-- WORK INSTRUCTION --
Below are the entries. Print only the lines starting at the one with "Зарядное устройство Optimate" and ending at the one with "Sweater-Weather-3.jpg", exactly, with no pictures.

-- SUPPLIED RECORDS --
==========
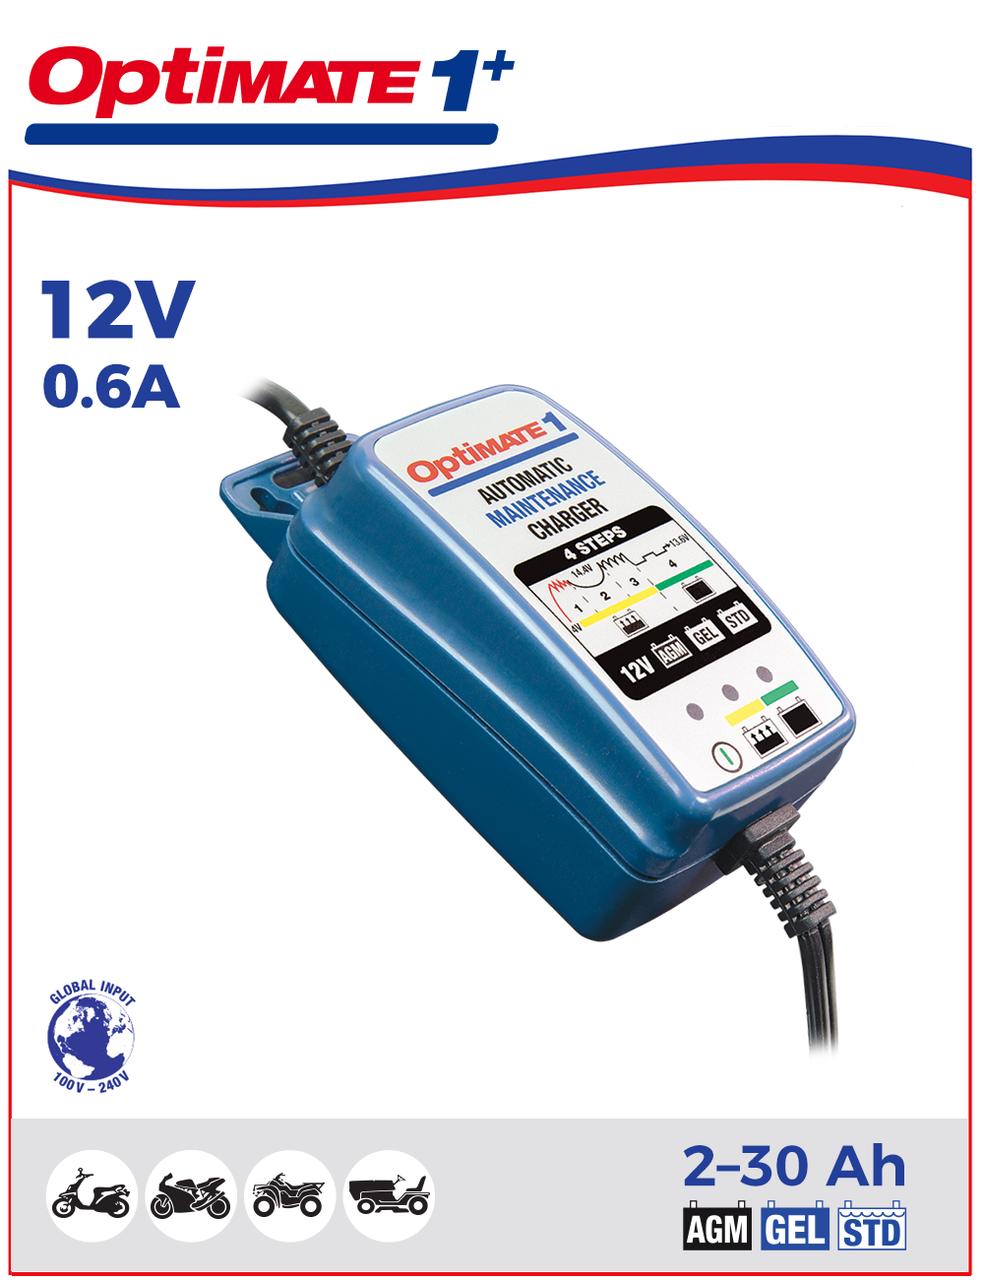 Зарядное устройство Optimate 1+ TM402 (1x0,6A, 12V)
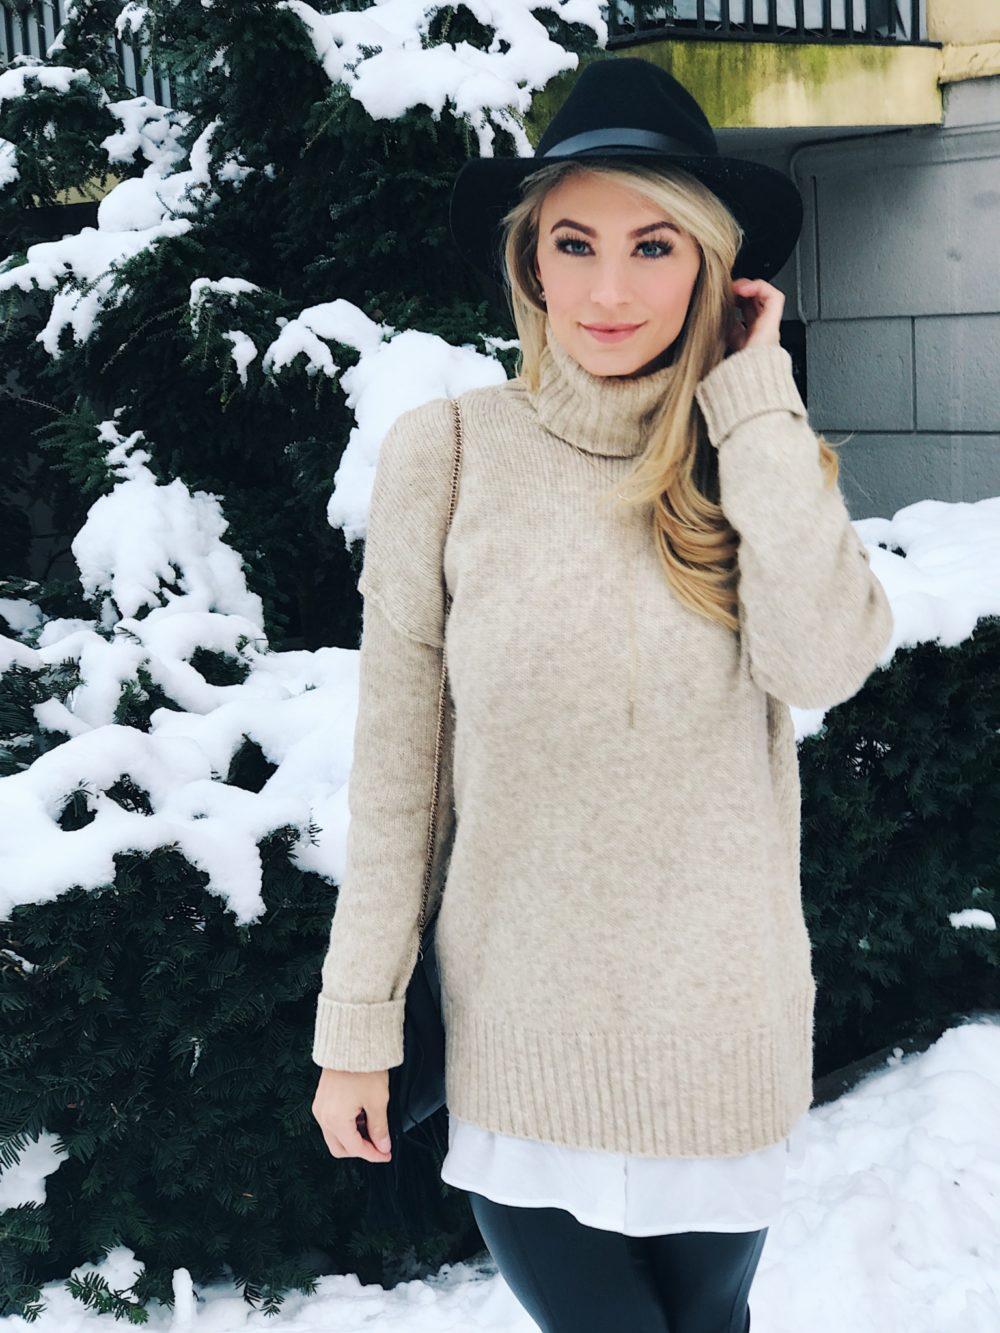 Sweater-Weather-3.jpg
==========
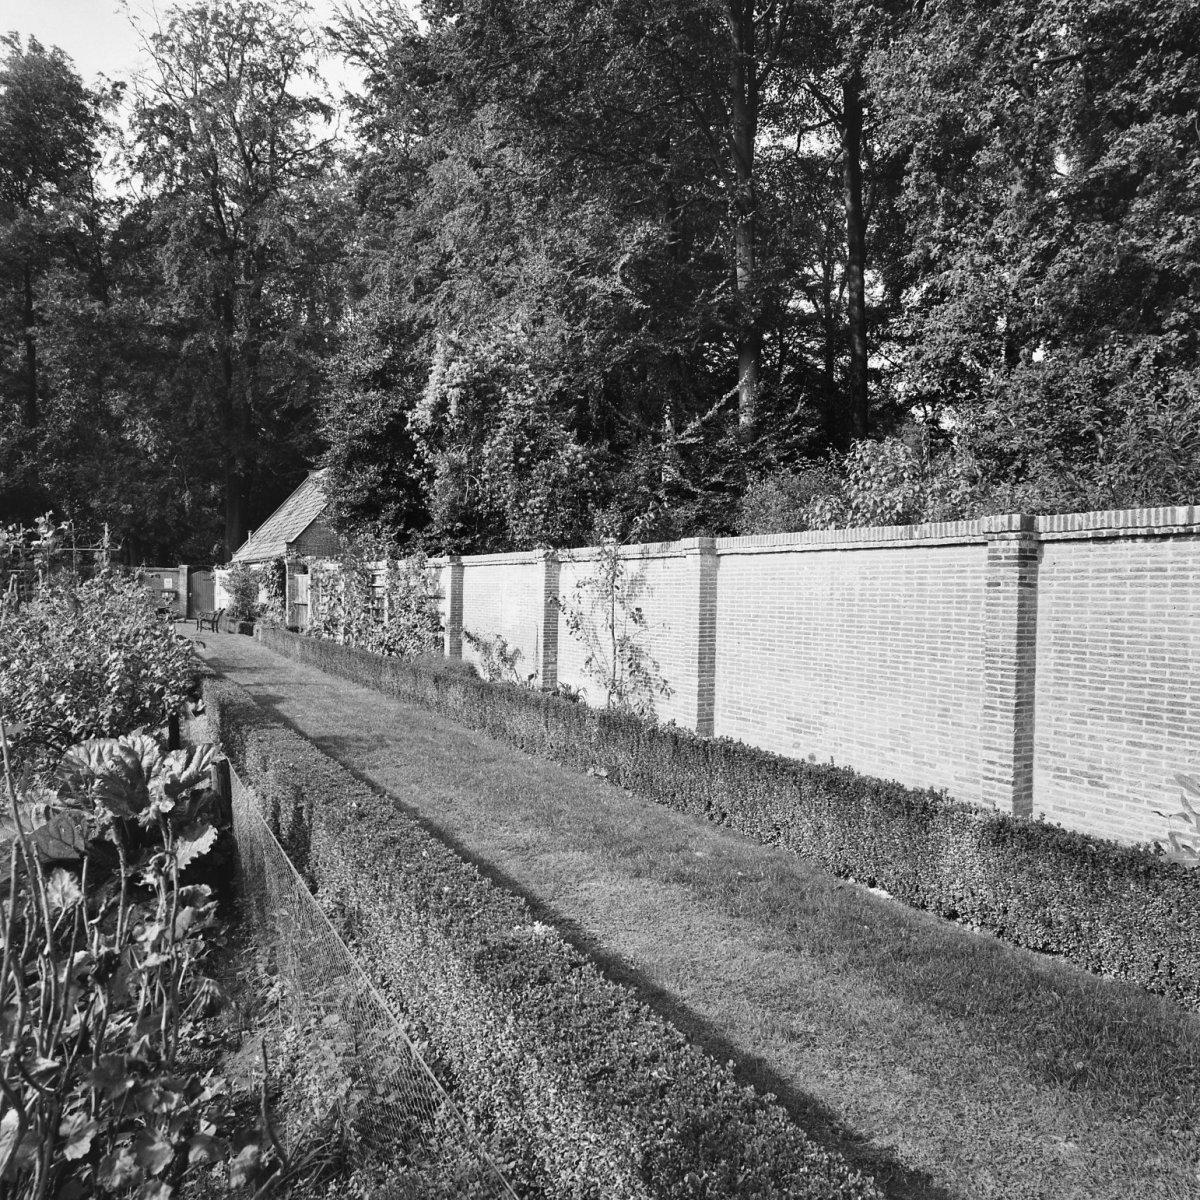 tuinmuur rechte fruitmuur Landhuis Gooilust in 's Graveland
==========
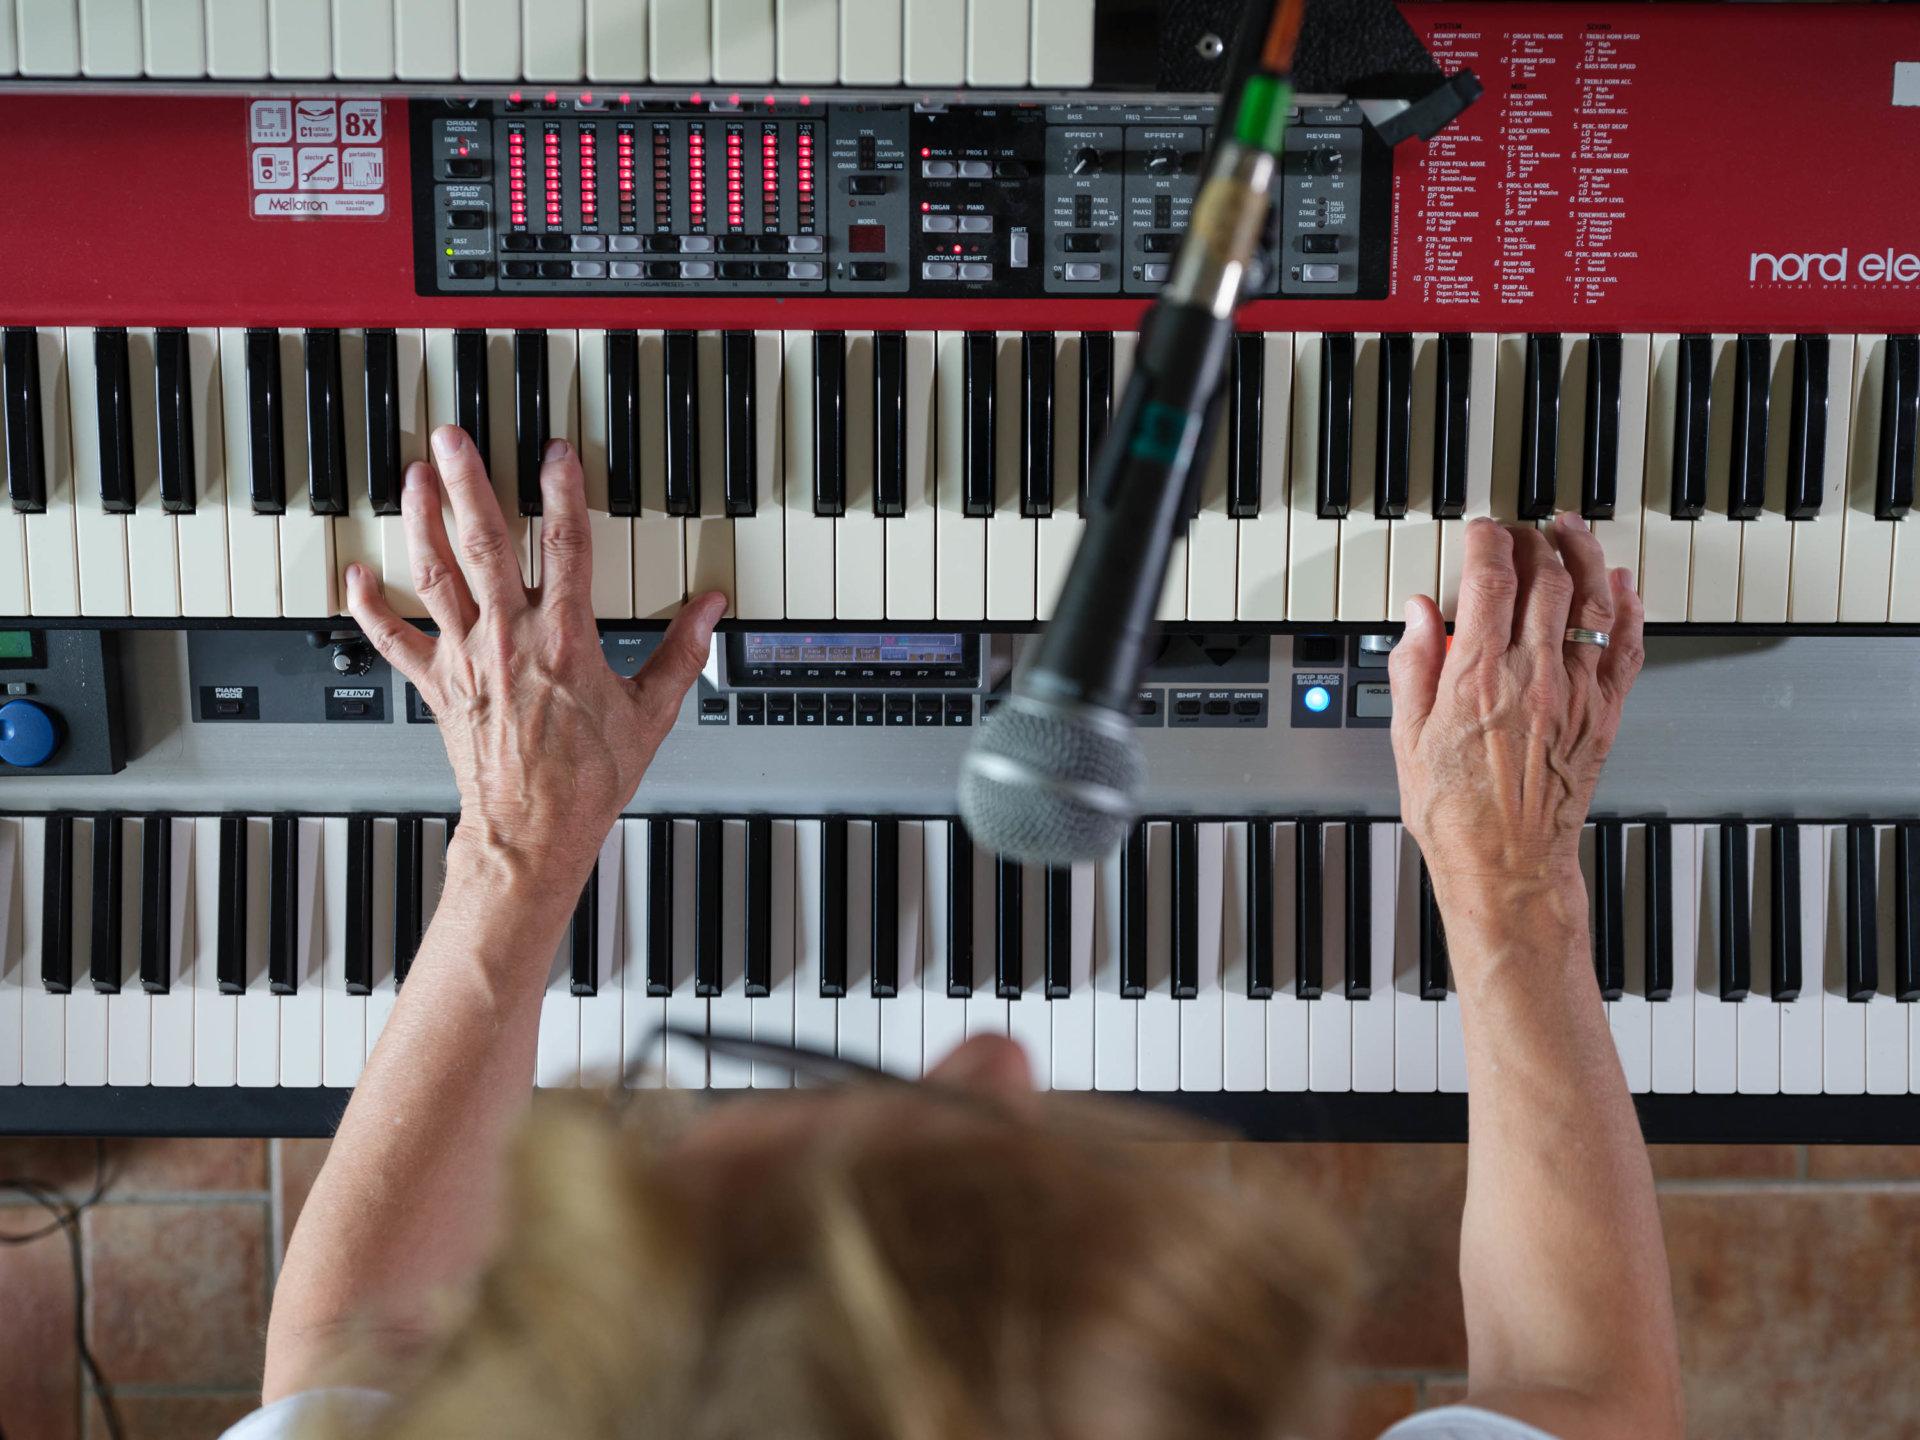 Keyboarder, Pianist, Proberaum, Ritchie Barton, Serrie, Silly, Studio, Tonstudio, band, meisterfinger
==========
-- ANSWER --
 Зарядное устройство Optimate 1+ TM402 (1x0,6A, 12V)
 Sweater-Weather-3.jpg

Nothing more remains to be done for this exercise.